The problem is, again, the complexity and the ability to be able to package CAR T for community settings, for example, and really take CAR T downstream outside of the academic medical centers and to ultimately look at the expense of CAR T as well. But I think precision-driven approaches, long-term studies track risk, they track secondary malignancies, dysregulation. And I think with adaptive trial designs, they help to evolve with that data.
So the metrics that are available, really being able to evaluate therapies holistically and combining what's known from a long-term, as well as inputting what's happening in a real-time, shorter-term efficacy setting is helpful to be able to evaluate exactly that.

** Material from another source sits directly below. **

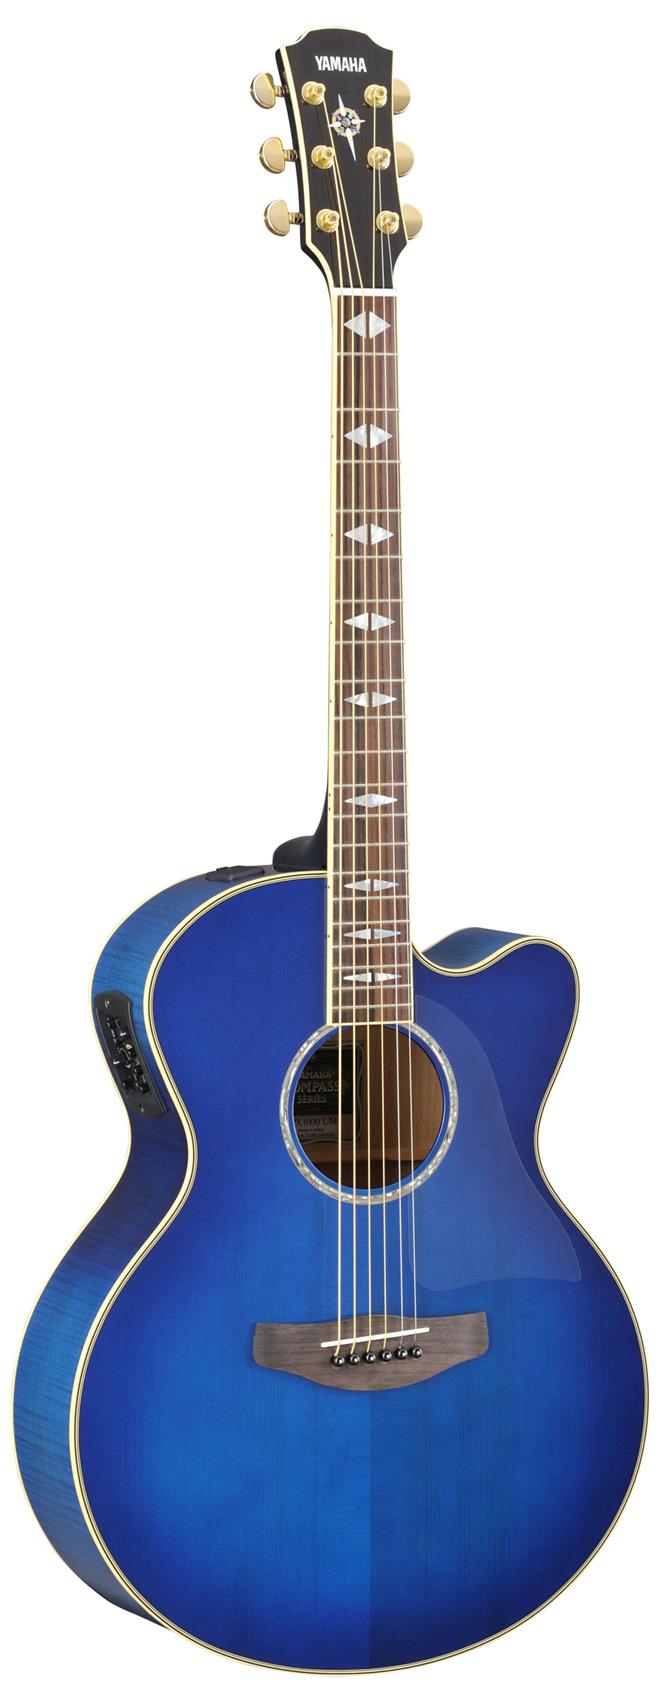 Yamaha CPX1000 UM elektro-akustična kitara

And then I know from a regulatory perspective, there is acceptance from both the FDA and EMA to really help with the data collection milestones and that harmonization. So as things are expanding and there are more options on a global level, we need to think about how to really get that to the patients in need. And this is where proper site selection, really proper looking at incidence prevalence epidemiology and the geography of where need may be, and matching that with the site selection for clinical trials, is the key to bringing things to patients, and CROs like Allucent are very adept at the feasibility process to be able to help match and overcome some of those imbalances.
So again, good problems to have, a number of considerations and the complexity is something that over time we'll continue to chip away at. But for now, some of the immunotherapies, CAR T and then radioligands are going to be limited to your larger academic institution.
Stephanie Butler:
Which makes sense. I mean, this has been a fantastic conversation. I mean, some excellent points. There's so much potential here, but definitely some risks and some things you need to work through. So it's great to have folks like you who are looking into all of those and can help people with those as they get into the space and try to ultimately do what we all want to do, which is help the patients.
So thank you so much, Brant. Thank you so much to Allucent for such an engaging discussion. I am looking forward to seeing how this develops down the road, so definitely keep me posted.
Brant Nicks:
I think we're all interested to see how they develop down the road. And I agree with you, there are risks, but the downside in not overcoming this risk is too large. We're advancing science, we're advancing therapies, and we're changing survival curves, so for the better, by the way. So again, this is a really exciting time to be in hem-onc research. So thank you for your time. Thank you for letting me share my thoughts.